Conservatives on Capitol Hill should be outraged by this latest development on several levels.

It demonstrates a double standard in which elite politicians get treated with kid gloves, allowing their mistakes (or malfeasance) to be swept under the rug. Does anyone in middle America believe that, if they had problems in prior years’ tax returns like the Bidens do, the IRS would fail to challenge their questionable behavior?

It also illustrates how the new IRS funding will be weaponized against ordinary Americans — including the middle class and small businesses — while Washington elites get off scot-free. And it shows the hypocrisy of both Biden and the Democrats in Congress; Biden is going around claiming Republicans want to undermine Medicare while going out of his way — using methods that tax experts believe violate IRS guidelines — to avoid paying Medicare taxes himself.

Newly armed with the House majority, Republicans in both chambers of Congress should absolutely investigate and demand answers. They should ask the Joint Committee on Taxation (JCT), Congress’s nonpartisan research arm, to determine whether the Bidens violated “reasonable compensation” guidelines for 2017 and 2018. 

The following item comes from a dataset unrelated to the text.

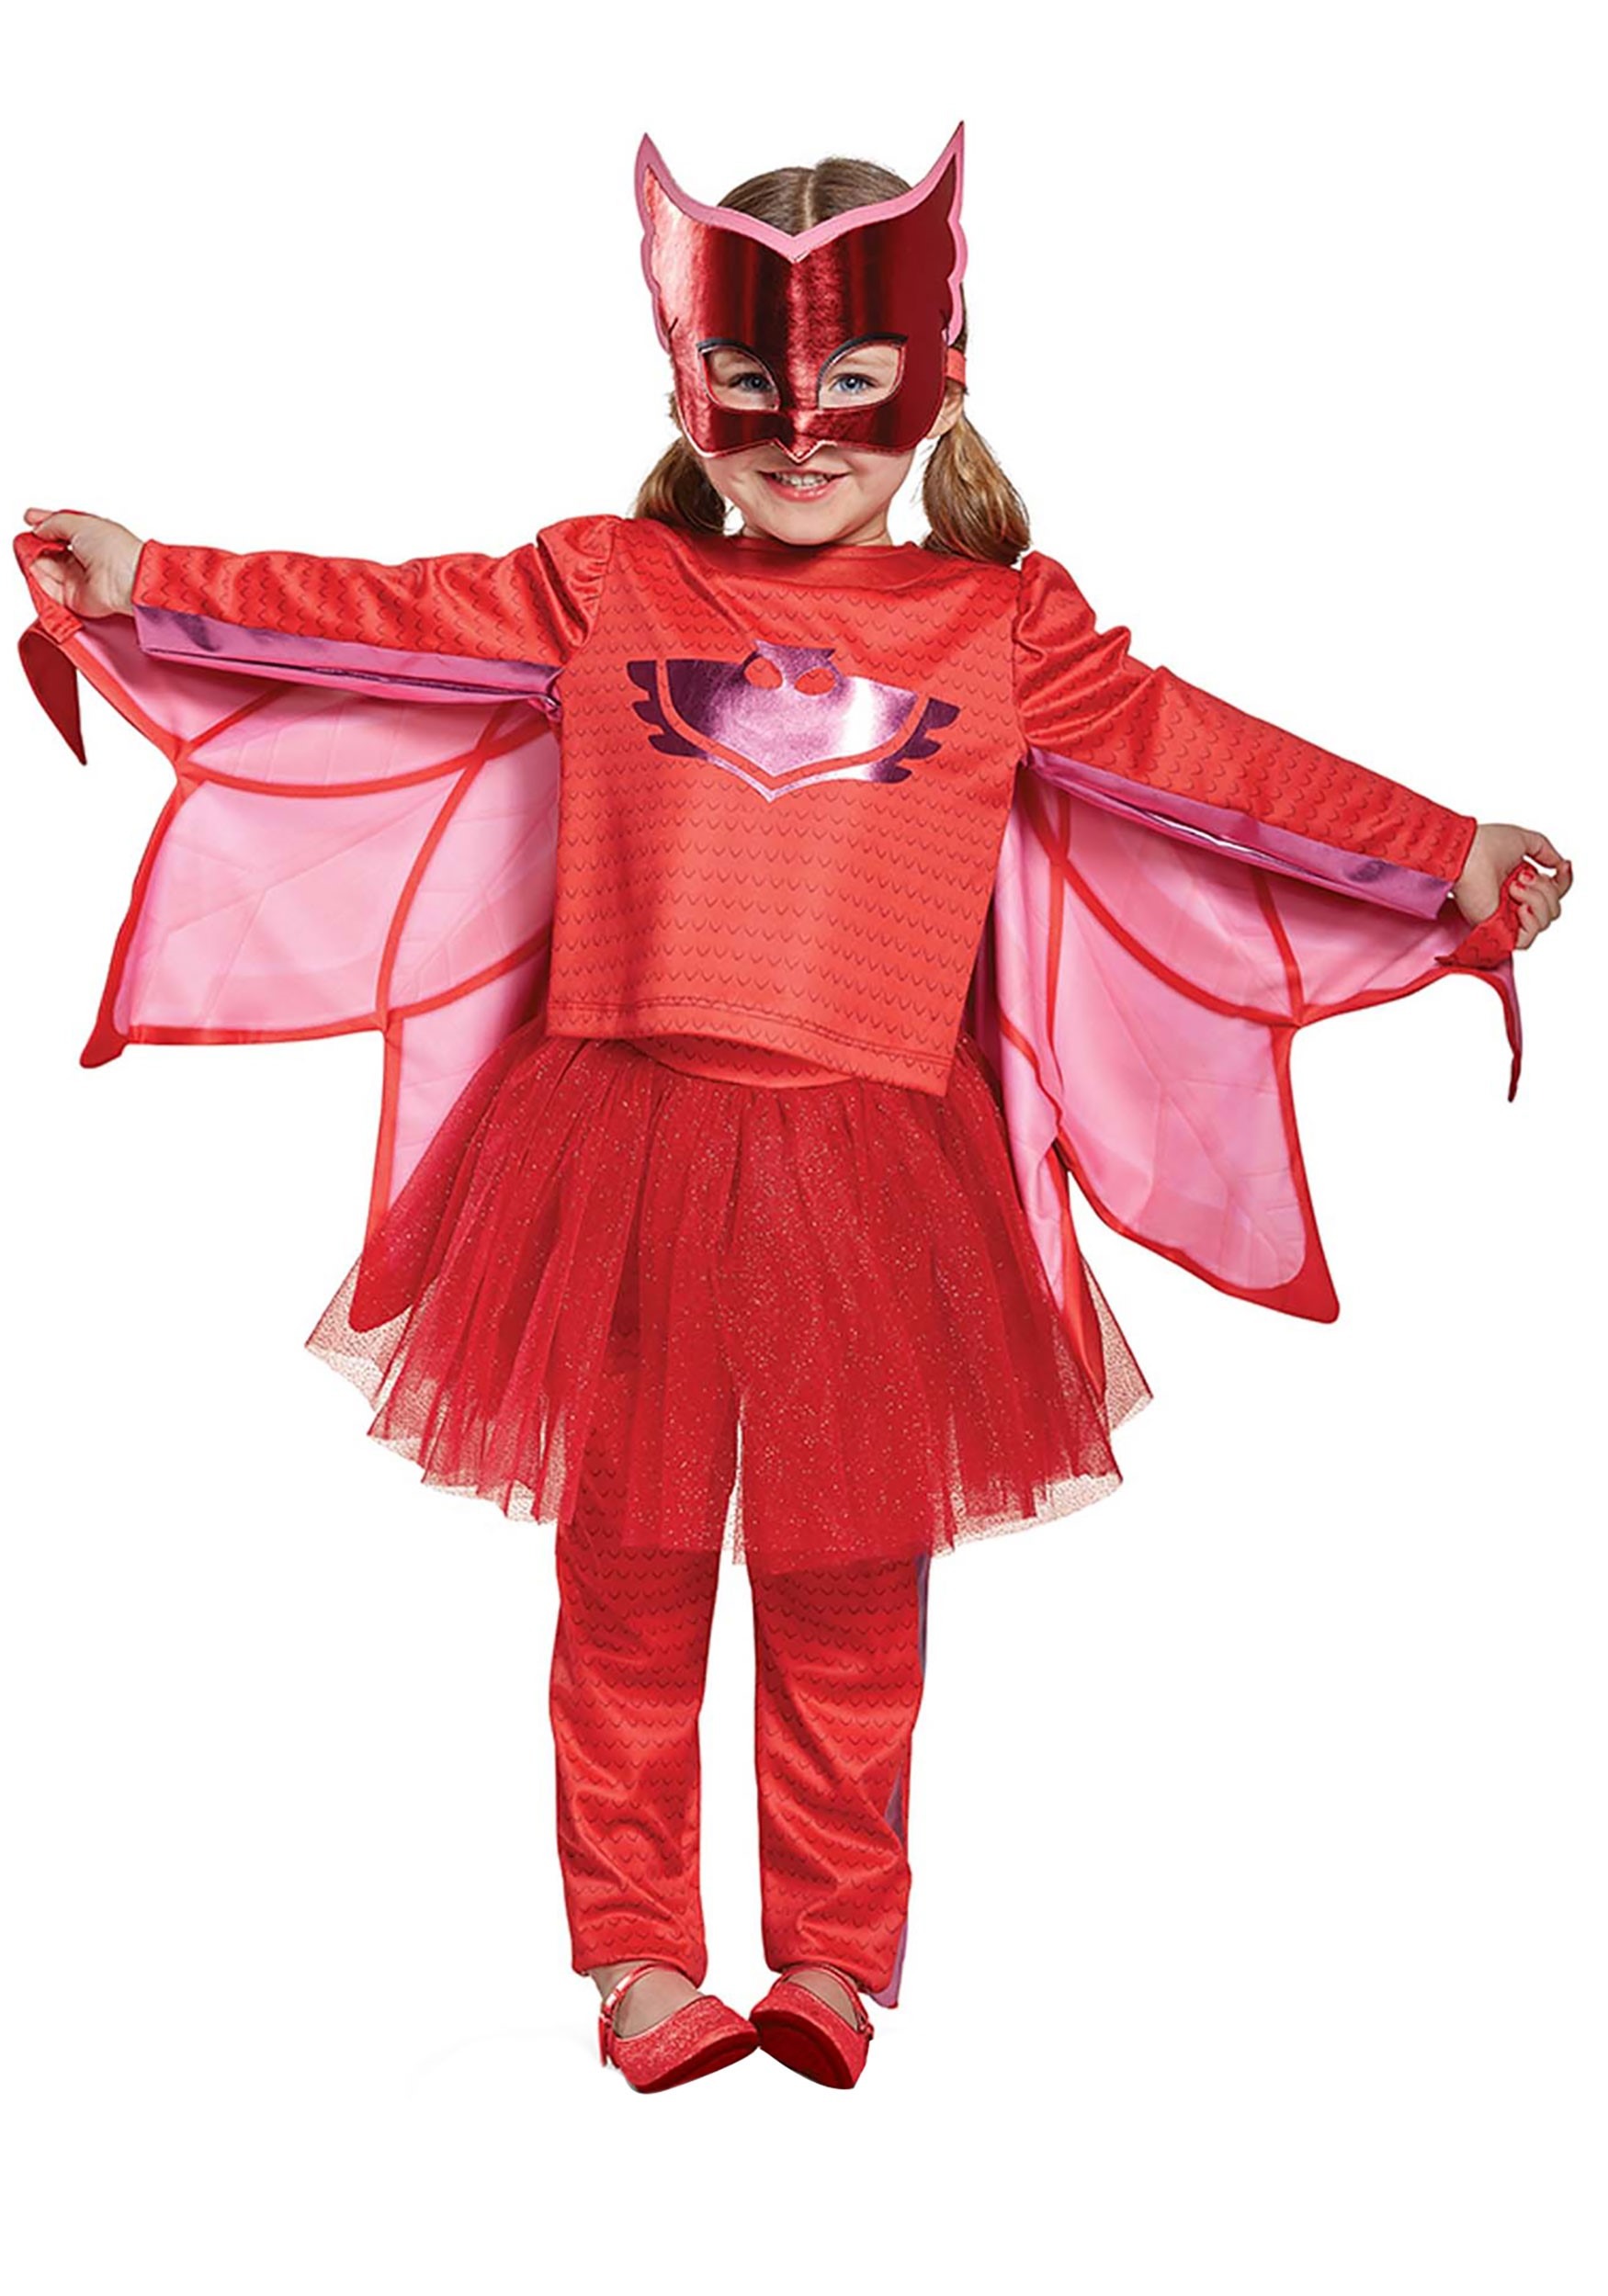 Pj Masks Classic Owlette Megasuit Costume For Toddler - vrogue.co

If JCT believes the Bidens did violate the IRS guidelines in 2017 and 2018, Congress should direct JCT to investigate the audit of the Bidens’ returns. Why did IRS employees not raise this issue? And, just for good measure, why did the IRS ignore my whistleblower complaint about this issue? 

Republicans in the Senate should turn the pending nomination of Daniel Werfel as the next IRS commissioner into a referendum on how the service handled the Bidens’ returns. All Republicans should refuse to vote for the nominee unless and until the IRS provides more information about why the service did not investigate the Bidens’ 2017 and 2018 tax returns. If Republicans can persuade Senators like Joe Manchin, D-W.Va., or Kyrsten Sinema, I-Ariz., to vote against the nominee on those grounds, they could slow the nomination or stop it outright.

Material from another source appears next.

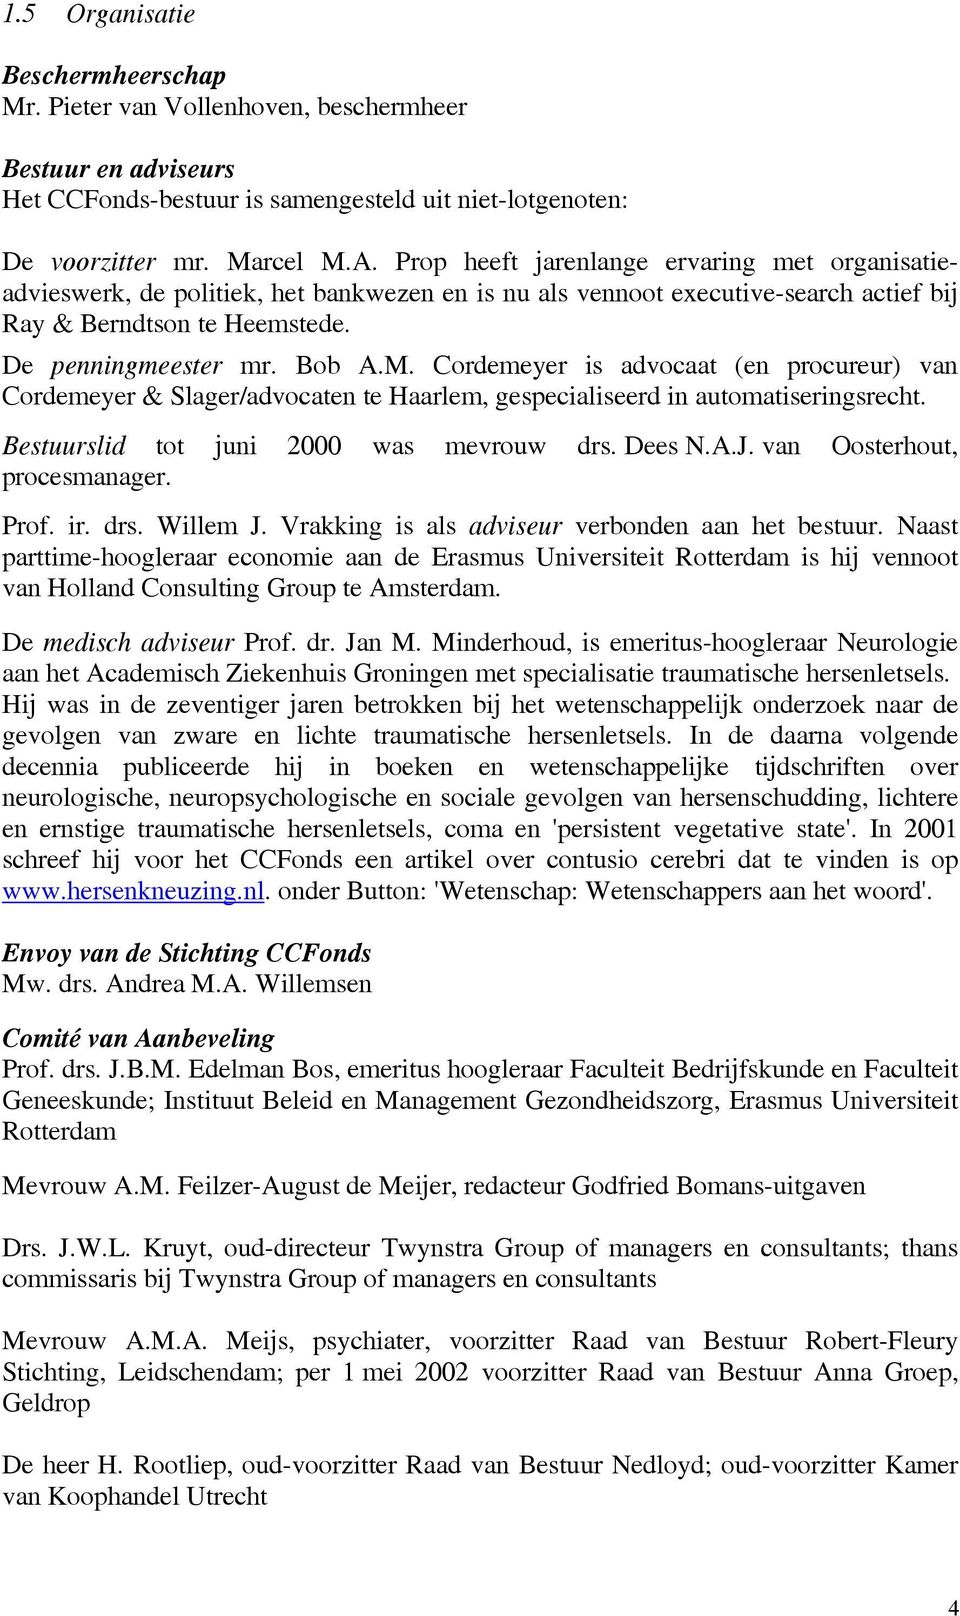 Cordemeyer is advocaat (en procureur) van Cordemeyer & Slager/advocaten te Haarlem, gespecialiseerd in automatiseringsrecht. Bestuurslid tot juni 2000 was mevrouw drs. Dees N.A.J.

After completing these initial steps, the House majority can go further. For instance, it could compel the IRS employee who let the Bidens off the hook to testify publicly about those actions, or it could subpoena the records of the Bidens’ accountant, Walter Deyhle, to determine whether the accountant was acting in good faith or aggressively trying to exploit a loophole.

But at minimum, Republicans in Congress need to start asking some hard questions about why a politician with such questionable tax behavior got off scot-free. Conservative lawmakers have spent the past year railing against the new authorities and funding the IRS received in the Democrats’ spending spree last summer — it’s time for them to use this issue to take action on the matter.